Seeking Stillness or The Sound of Wings: Scholarly and Artistic Comment on Art, Truth, and Society in Honour of Lambert Zuidervaart. Currents in Reformational Thought series. Edited by Héctor Acero Ferrer, Michael DeMoor, Peter Enneson and Matthew Klaassen; cover art by Joyce Recker (small wooden house in foreground with a nest of twigs inside and gnarly sticks protruding through the roof into the slightly cloudy blue sky)

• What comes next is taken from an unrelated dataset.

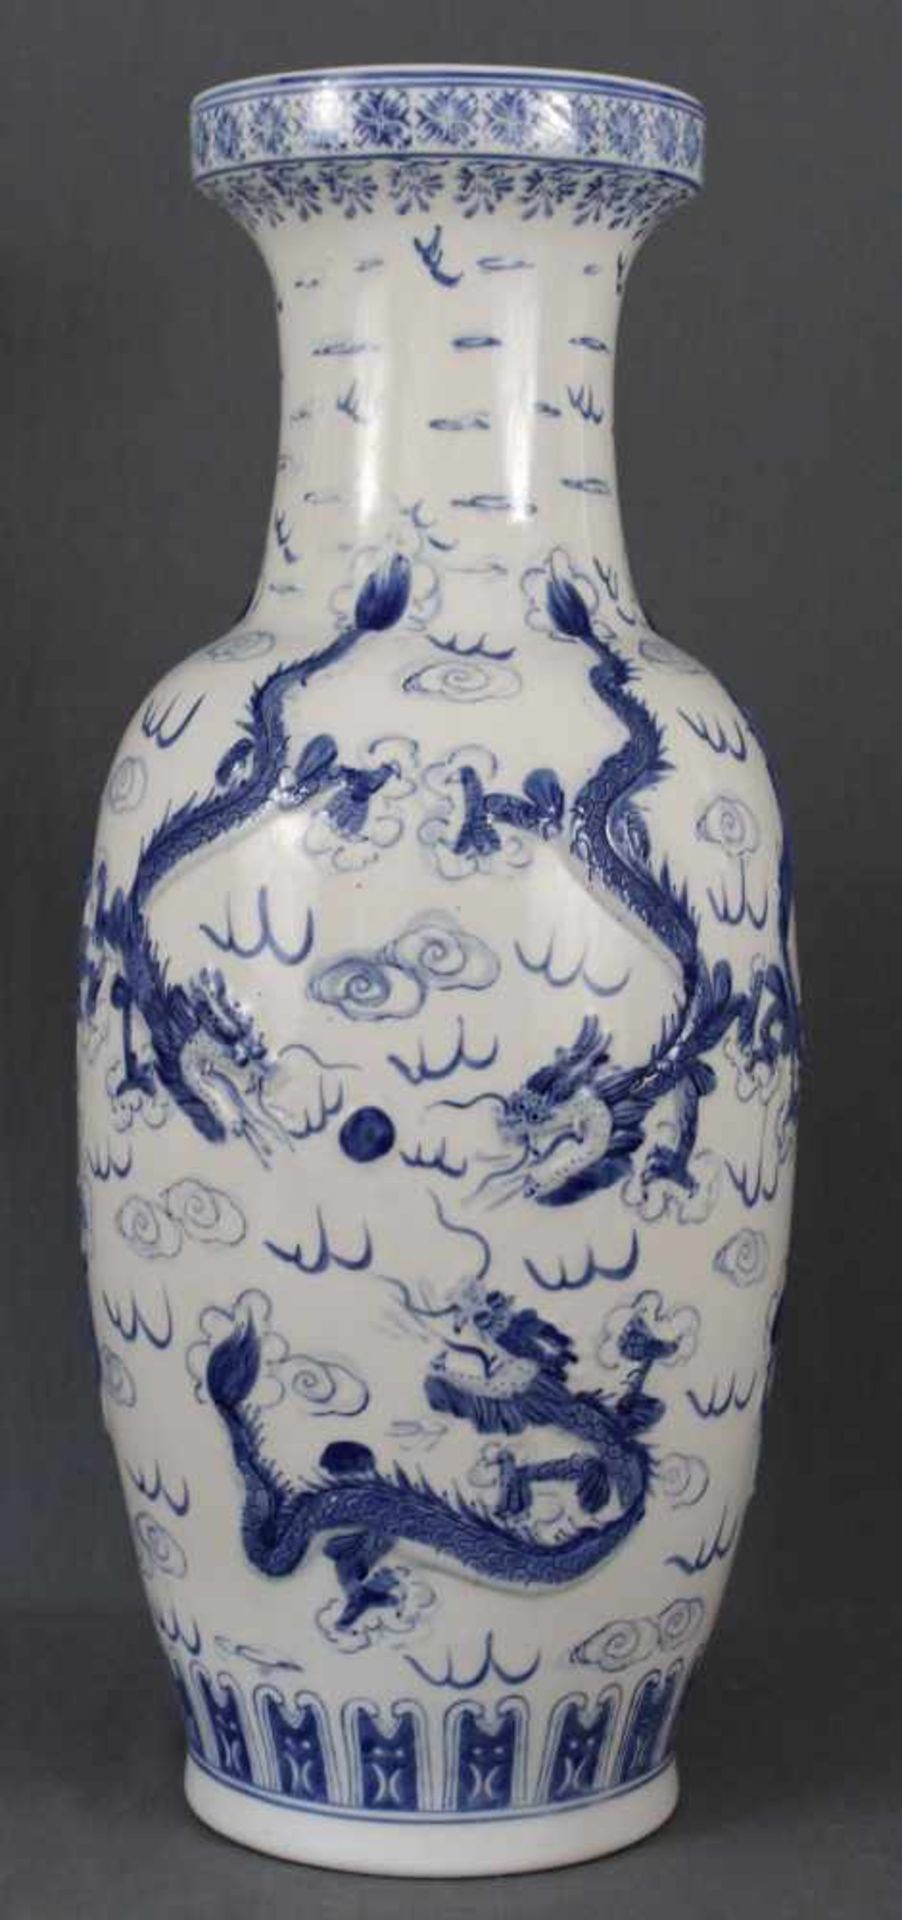 Vase. Imperialer Drache mit 4 Klauen. Wohl China, späte Qing Periode. 63 cm hoch. Porzellan blau -

Seeking Stillness or The Sound of Wings: Scholarly and Artistic Comment on Art, Truth, and Society in Honour of Lambert Zuidervaart
Currents in Reformational Thought series. Edited by Héctor Acero FerrerMichael DeMoorPeter Enneson and Matthew Klaassen. Eugene: Wipf and Stock, 2021.


Publisher's Overview:

Seeking Stillness or The Sound of Wings pays tribute to Lambert Zuidervaart, one of the most productive Reformational philosophers of the present generation, by picking up the central concerns of his philosophical work--art, truth, and society--and working with the legacy of his published concern to see what more can be understood about our world in light of that legacy. Zuidervaart is an internationally recognized expert in critical theory, especially the work of Theodor Adorno, and a leading systematic philosopher in the reformational tradition. His research and teaching range across continental philosophy, epistemology, social philosophy, and philosophy of art, with an emphasis on Kant, Hegel, Marx, Heidegger, Gadamer, and Habermas. He is currently developing a new conception of truth for an allegedly post-truth society. At the Institute for Christian Studies (2002-2016), Zuidervaart held the Herman Dooyeweerd Chair in Social and Political Philosophy and served as founding Director of the Centre for Philosophy, Religion, and Social Ethics. He was also an Associate Member of the Graduate Faculty and Full Professor, status only, in the Department of Philosophy at the University of Toronto, and a member of the Advanced Degree Faculty at the Toronto School of Theology. Zuidervaart is currently a Visiting Scholar in the Department of Philosophy at Calvin University in Grand Rapids, Michigan. Seeking Stillness or The Sound of Wings seeks to promote new scholarship emerging from the rich and dynamic tradition of reformational intellectual inquiry. Believing that all scholarly endeavor is rooted in and oriented by deep spiritual commitments, reformational scholarship seeks to add its unique Christian voice to discussions about leading questions of life and society. From this source, it seeks to contribute to the redemptive transformation and renewal of the various aspects of contemporary society, developing currents of thought that open human imagination to alternative future possibilities that may helpfully address the damage we find in present reality.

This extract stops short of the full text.